Opinión | Mollete de calamares

Anestesia campechana

Que ese señor era un jefe de Estado convertido en comisionista millonario, con cuentas en paraísos fiscales y amantes pagadas con dinero público con su beneplácito, de esto se habla con algo menos de indignación.

Montaje de Juan Carlos I y Bárbara Rey / EUROPA PRESS

Cuenta la Historia que Fernando el Católico prohibió el derecho de pernada. Al menos dejó por escrito en la Sentencia de Guadalupe, en 1486, que eso de tirarse a la plebeya que uno quisiera, solo por el hecho de ser rey, estaba una mijita feo. Moralmente feo incluso para los reyes de la época. La historia de España también dice del marido de Isabel la Católica que saltaba de cama en cama con gran facilidad. Que quizás sería fiel a la Corona de Aragón, pero con su mujer, la Reina de Castilla, tenía ciertos despistes en lo que a lealtad se refería.

Hay quien dice también que la historia se repite, pero podría afirmarse por otra parte que hay cosas que nunca cambian. Aunque pasen 500 años. Aunque llevemos las últimas cuatro décadas haciéndonos los tontos y mirando para otro lado. La realidad es que esta semana estamos escuchando y viendo con nuestros propios oídos y ojos que el que fue adalid de la Transición y padre de la democracia en España, el campechano Juan Carlos I, era lo que intuíamos que era: un rey, con todas las letras, de los de la Edad Media. En lo respectivo al saqueo y robo a sus súbditos y también, cómo no, en lo que tenía que ver con las sábanas reales.

Estos días se pone el foco en el chantaje al que Bárbara Rey sometió al pobre monarca. De cómo esa mala mujer, cabaretera de tres al cuarto, acorraló al indefenso campechano para sacarle el dinero público que callara su silencio. Lo de que fuimos engañados durante 40 años por un señor que cada 24 de diciembre nos hablaba de comportarnos de manera ejemplar, pesa menos. Que ese señor era un jefe de Estado convertido en comisionista millonario, con cuentas en paraísos fiscales y amantes pagadas con dinero público con su beneplácito, de esto se habla con algo menos de indignación. A pesar de que, como dijo este sábado Isabel Gemio, el que estaba casado con Sofía y con España era él.
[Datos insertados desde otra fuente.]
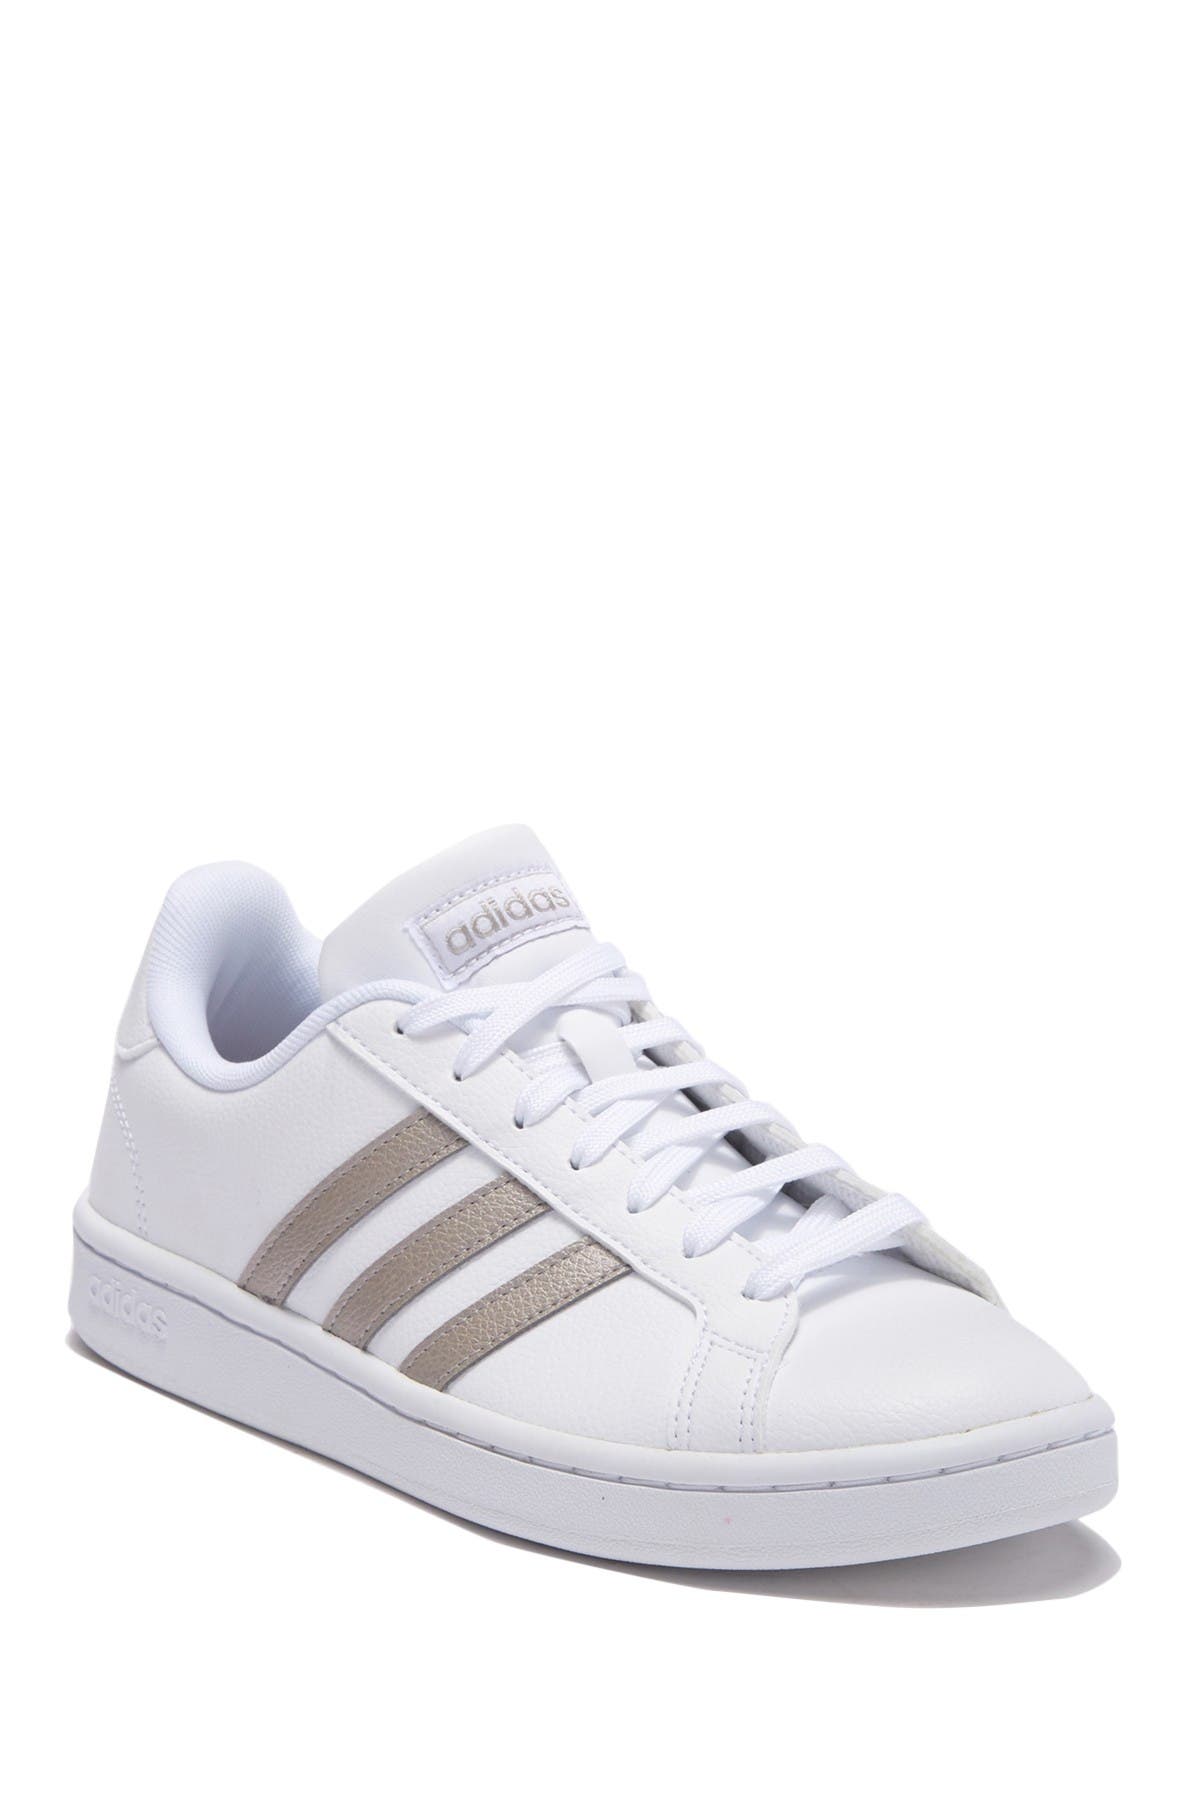 adidas | Grand Court Leather Sneaker

En esos audios, Juan Carlos I rebosa machismo, falta de escrúpulos, indiferencia por los españoles, desprecio por la Jefatura del Estado y egoísmo. Con un solo personaje como protagonista de sus preocupaciones: él mismo. Pero me pregunto cuánto nos queda por saber. Me pregunto por qué en esas conversaciones con su amante alababa el silencio y la lealtad del golpista condenado Alfonso Armada. Por qué era crítico con Sabino Fernández Campo, jefe de la Casa Real, por ir por ahí "largando". ¿Hay algún audio que aún no conocemos y que cambie los libros de nuestra Historia?

En mitad de esta reflexión me preguntó qué nos pasa. Por qué esta anestesia como sociedad. Por qué no nos indignamos y damos a este asunto la gravedad que tiene. Quizás damos al personaje por amortizado, pero es demasiado relevante. Lo es porque hablamos de la jefatura de Estado encarnada en la Corona. Una institución que tiene los pies de barro porque no emana del deseo del pueblo, de la democracia. Porque se transmite por la sangre y por la herencia. Y, por tanto, salpica también a sus herederos. ¿Cuánto nos queda por saber? ¿Habremos despertado para entonces?